Auf einer der Kommoden liegen Unterlagen, aus denen hervorgeht, dass die Bewohner des Hauses einen Kredit aufgenommen haben und das Haus als Hypothek angegeben haben. Aus weiteren Dokumenten geht hervor, dass die Bewohner des Hauses Schulden hatten – wieso genau haben wir leider nicht herausfinden können. Die Unterlagen sind alle an eine weibliche Person adressiert, zuletzt hat jedoch ein Mann alleine in dem Haus gelebt. Dieser ist inzwischen wohl über 90 Jahre alt und lebt in einem Pflegeheim.
Über die sehr morsche Treppe gelange ich in das obere Stockwerk, meine Begleitung war etwas klüger als ich und hat das obere Stockwerk nicht betreten, da die Treppe ihre besten Jahre wirklich schon sehr lange hinter sich hat.
Oben betrete ich als erstes das Schlafzimmer – zumindest trete ich einen Schritt hinein. Weiter komme ich nicht, da sich vor mir ein großes Loch im Boden auftut und das massive Holzbett daneben schon gefährlich schief steht. Es ist nur eine Frage der Zeit, bis es eine Etage tiefer in die Küche fällt. Das Bett ist penibel gemacht, die etwas gewöhnungsbedürftige Tagesdecke liegt ordentlich ausgebreitet über dem Bettzeug. Auf der schmalen Kommode gegenüber stehen Bilder, unter anderem ein altes Hochzeitsbild – vermutlich von den ehemaligen Bewohnern. Vor dem Fenster steht eine alte Trockenhaube, wie man sie aus alten Friseursalons kennt. Neben dem Bett steht ein Hocker mit staubigen Lederschuhen.
Auch hier wirkt alles so unberührt und so aufgeräumt, als könnten die Besitzer jeden Moment zur Tür hereinkommen, obwohl die abblätternden Tapeten und der morsche Holzboden kaum zu übersehen sind.
Ein Zimmer weiter ist ziemliches Chaos – ein großes Bett steht darin, alte Kindersachen und ein Kinderwagen. Auch dieser Raum ist kaum zu betreten, da auch hier der Boden nicht mehr lange hält. Trotzdem konnte ich nicht widerstehen näher an den alten Schminktisch zu treten. Der Spiegel trägt deutlich sein Alter zur Schau und auch die Dinge auf dem Tisch zeigen, wie lange es her ist, dass sich jemand hier zurecht gemacht hat. Auch hier wirkt alles so unberührt, alles wird von einer feinen Staubschicht bedeckt.
Mein letzter Weg, nachdem ich den Abstieg auf der maroden Treppe überstanden habe, führt mich in die Küche. Auch hier herrscht eine besondere Atmosphäre – der Tisch ist gedeckt mit schicken Kristallgläsern, rostigem Besteck und vor allem mit lauter Büchern. Die meisten sind wieder auf Französisch, genau wie die zahlreichen Dokumente, die wir finden. Dazwischen liegt ein Wörterbuch Französisch-Niederländisch und mehrere alte Kochzeitschriften. Auch die Lesebrille liegt griffbereit.

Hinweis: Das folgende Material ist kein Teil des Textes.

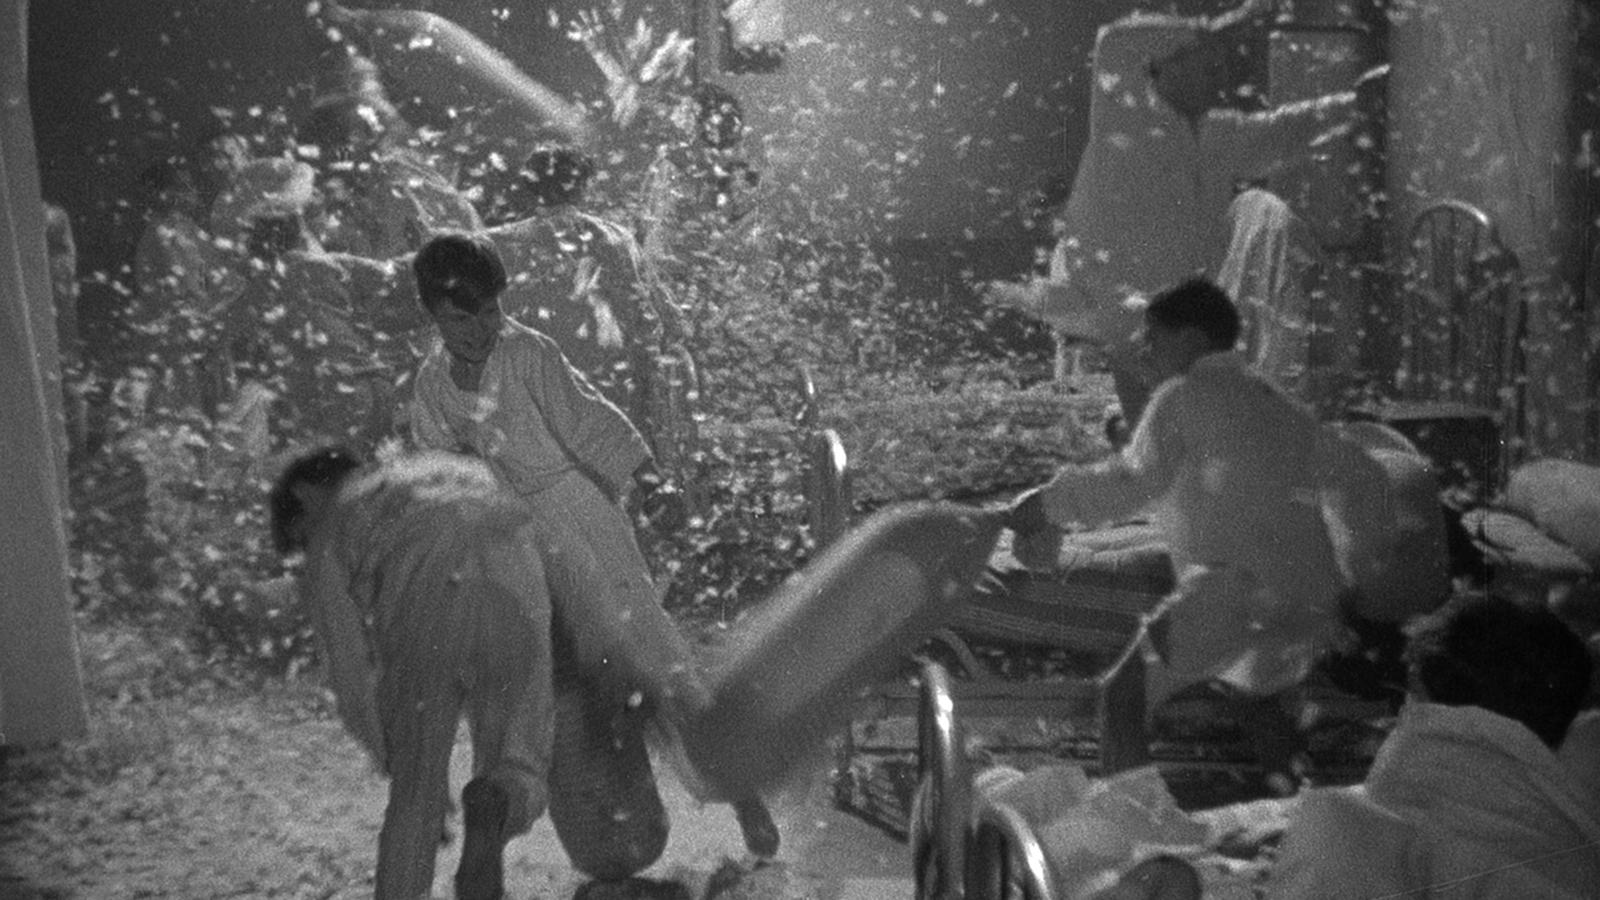 """Ce photogramme du """"Zéro de conduite"""" de Jean Vigo a été ajouté au texte par l'équipe de L'Autre Quotidien."""

Den Kühlschrank finde ich irgendwie besonders schön und kann nicht widerstehen ihn mit einem ohrenbetäubenden Quietschen zu öffnen. Danach bin ich froh, dass ich ihn wieder unversehrt geschlossen bekommen habe, ohne den Griff dabei abzureißen und in der Hand zu halten.

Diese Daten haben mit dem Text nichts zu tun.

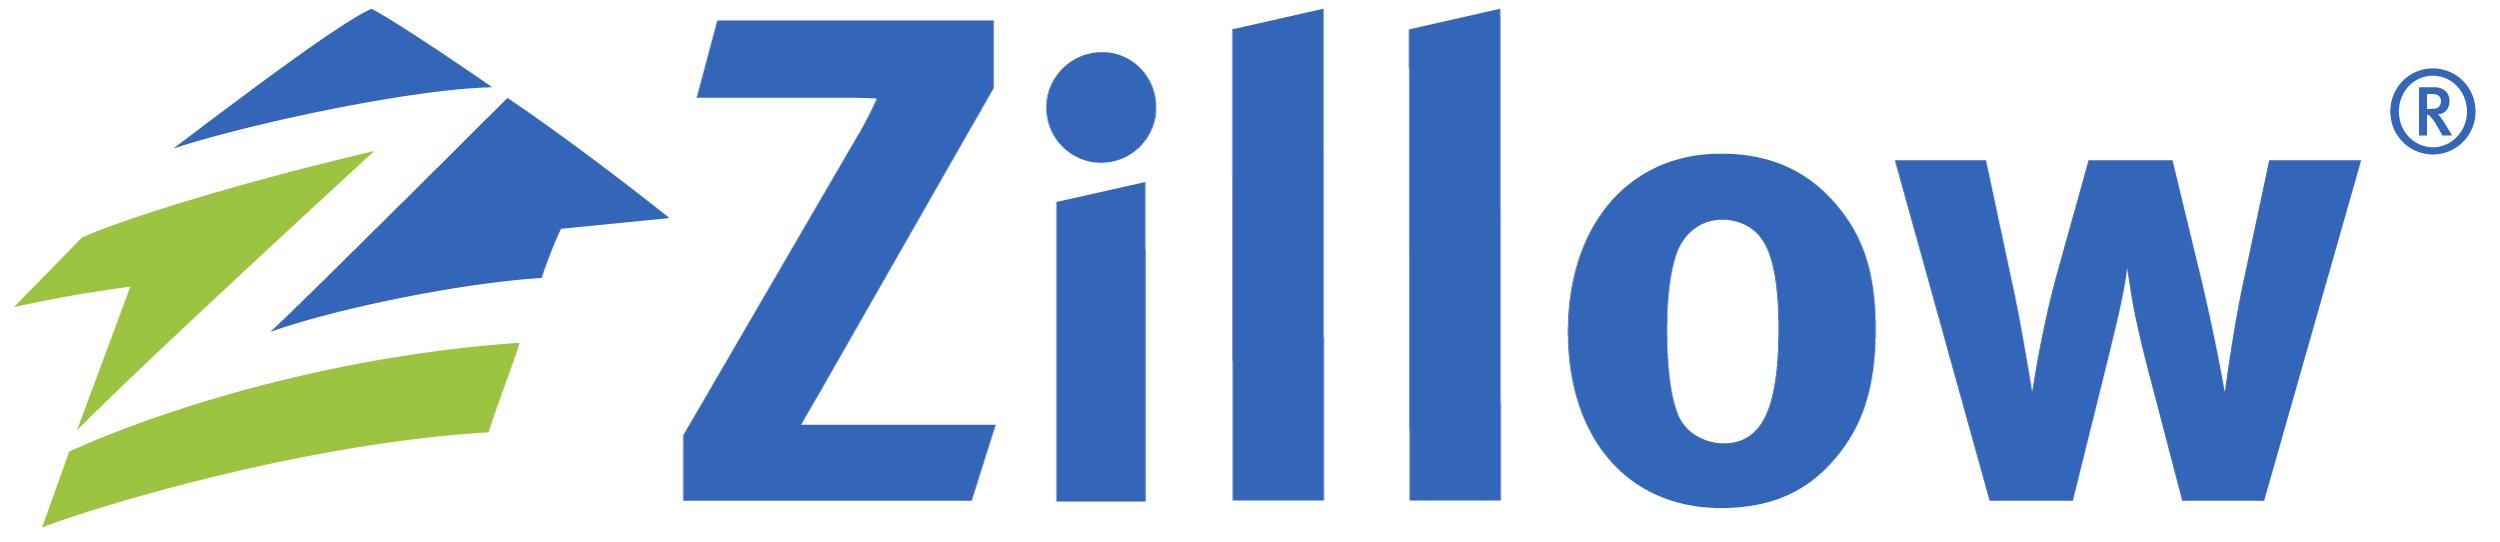 Zillow Mediaroom Logos

Nach weit über einer Stunde laufen wir die kleine Verandatreppe wieder hinunter und durchqueren den großzügigen verwilderten Vorgarten zurück, staunend darüber, was wir da wieder sehen durften. Und mit lauter Fragen im Kopf : Wieso lässt man alles so unberührt zurück? Wieso packt man nicht mal alte Bilder, insbesondere sein Hochzeitsbild, ein? Wieso hat die Bank nicht das Haus verkauft, wenn die Bewohner doch scheinbar ihre Schulden nicht bezahlen konnten?